The Carsales (ASX:CAR) partnership will see Driva offer personalised finance options next to all privately sold vehicles, with options to pre-qualify, apply and get pre-approved for finance.
Carsales executive GM Matt Earle said the deal will mean around 45% of the automobile listings on the platform, some 120,000 vehicles, will have the finance option.
“The partnership is a key enabler for us to further digitise the entire car buying experience for Australian consumers,” he said,
“We know most Australians are financing their vehicle purchases, and partnering with Driva has been an important step for us to support a personalised finance offer for our consumers as they progress through their purchase journey.”
The Driva API toolkit being introduced to Carsales is already in wide use in the sector.
Scott Montarello and William Brown cofounded Driva three years ago, and raised $6 million last year in a round led by Carthona Capital.
Driva can offer everything from $10,000 to consolidate debt or $80,000 to buy a caravan, and offers clients the ability to provide customers with pre-qualified finance options online.
Montarello said Driva can handle volume that traditional players in the industry just wouldn’t be equipped to handle without significant resources to support it.” said Mr Montarello.
“The core value proposition for both end customers and our partners is our proprietary Driva assessment engine, which enables us to instantly match customers with their lowest repayment loan option across 40+ Australian lenders in market,” he said.

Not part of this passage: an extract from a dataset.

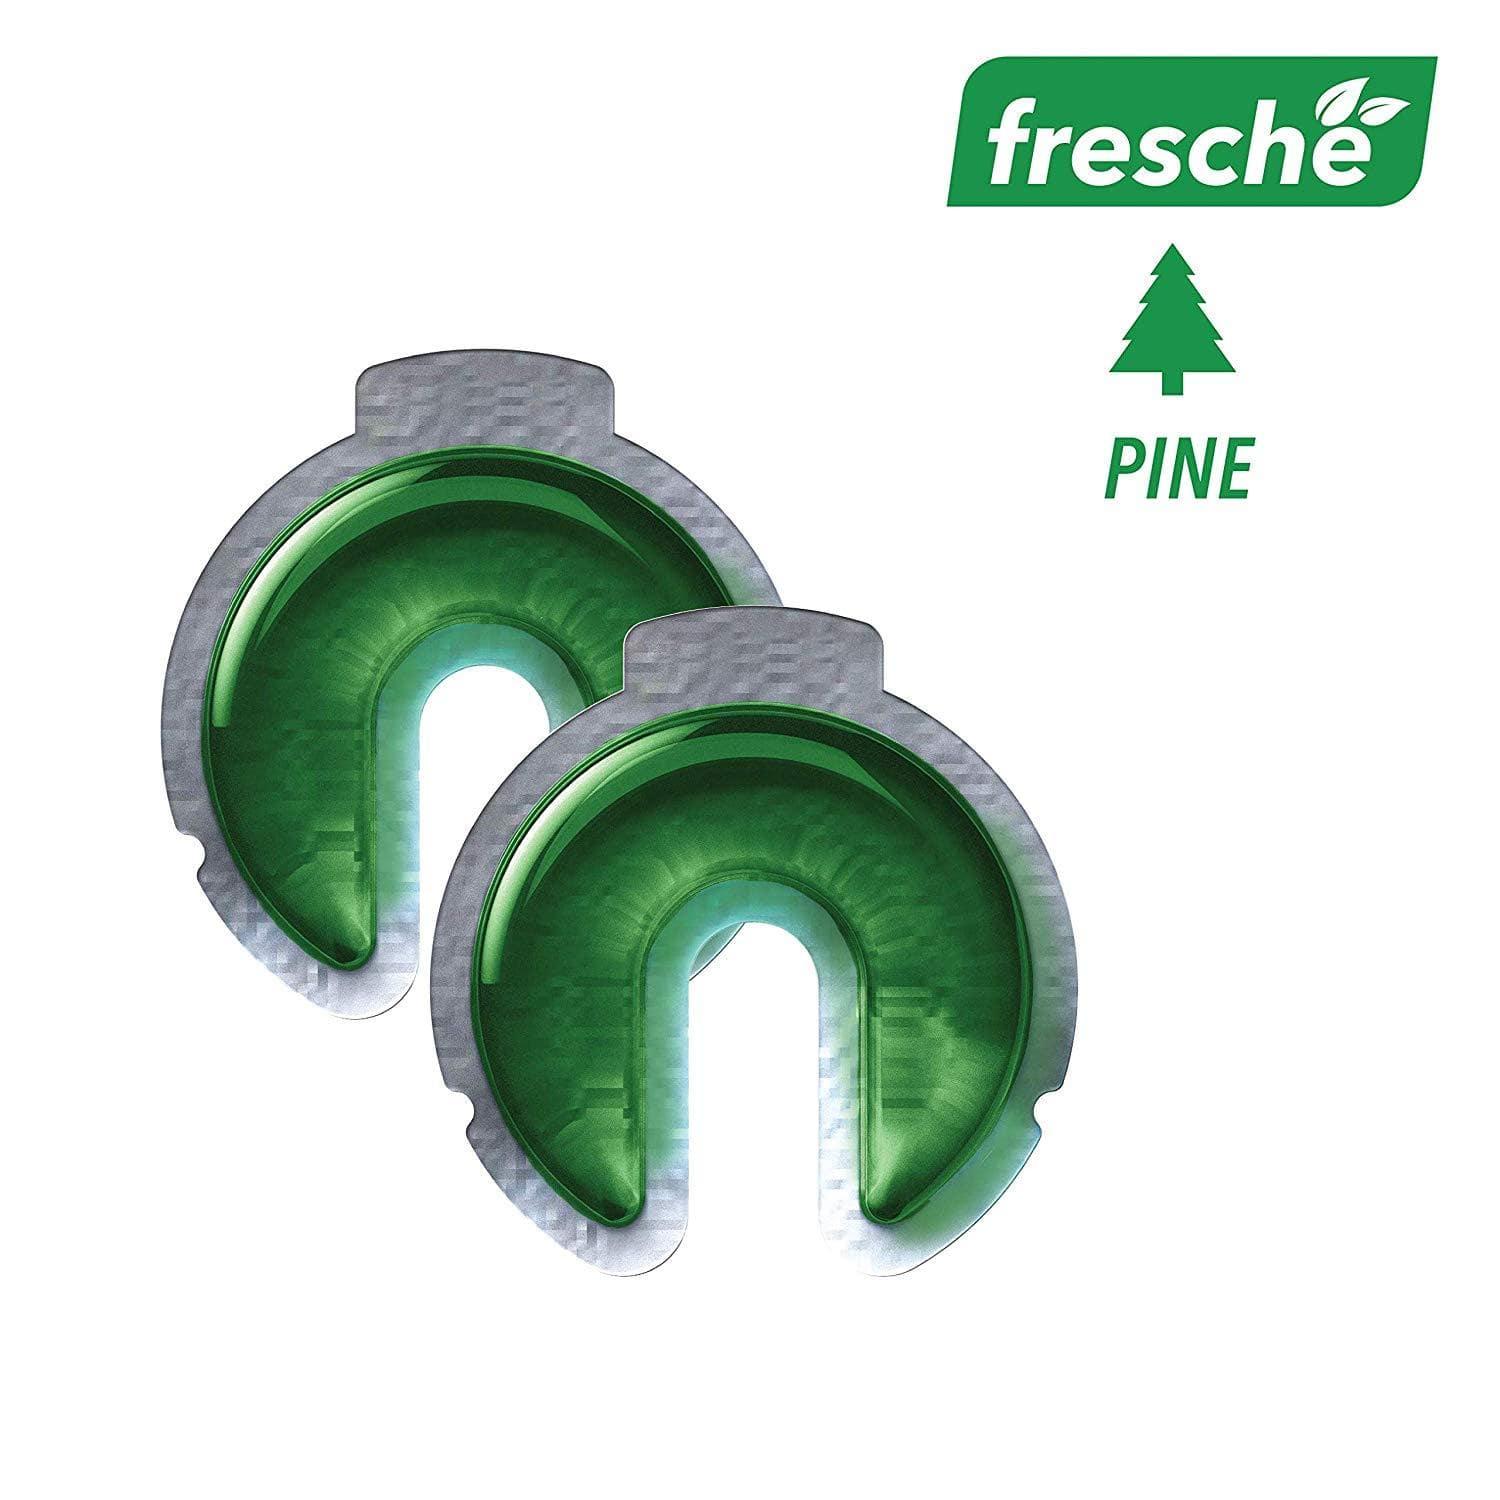 جهاز معطر الهواء لحامل الهاتف Scosche - Air Freshener Refill Cartridges for Fresche Mounts - صنوبر
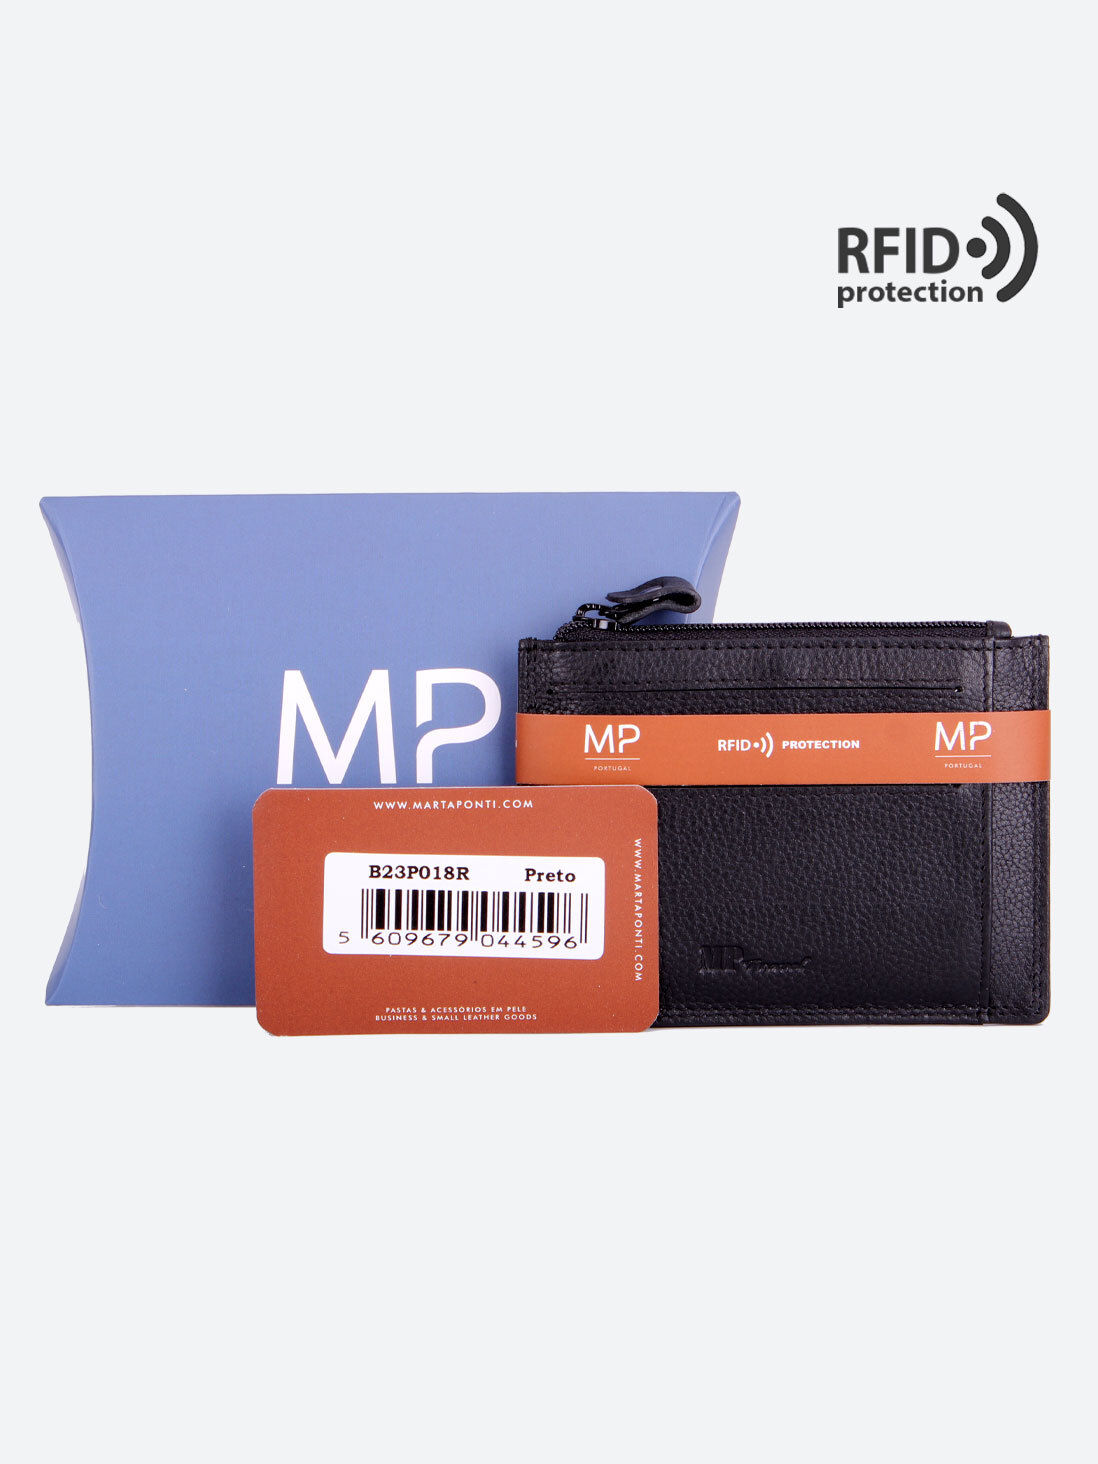 B23P018R Preto - Футляр для карт MP с RFID защитой

“It looks simple from a customer perspective, but in the background, we’re assessing thousands of data points for each customer to ensure we’re offering genuine approvals from our full panel of lenders, something we believe to be unique in the Australian market.”
His cofounder, William Brown, said the company continues to hit milestones despite changing market conditions and increasing interest rates.
“We were impacted like almost every Australian company in the last 12 months off the back of changing economic conditions and rate rises, but we made quick decisions as soon as we saw the warning signs, and we are now in a stronger position than ever,” he said.
“We’re hitting record numbers each month, and our continued focus on margins means we’re doing it all sustainably.”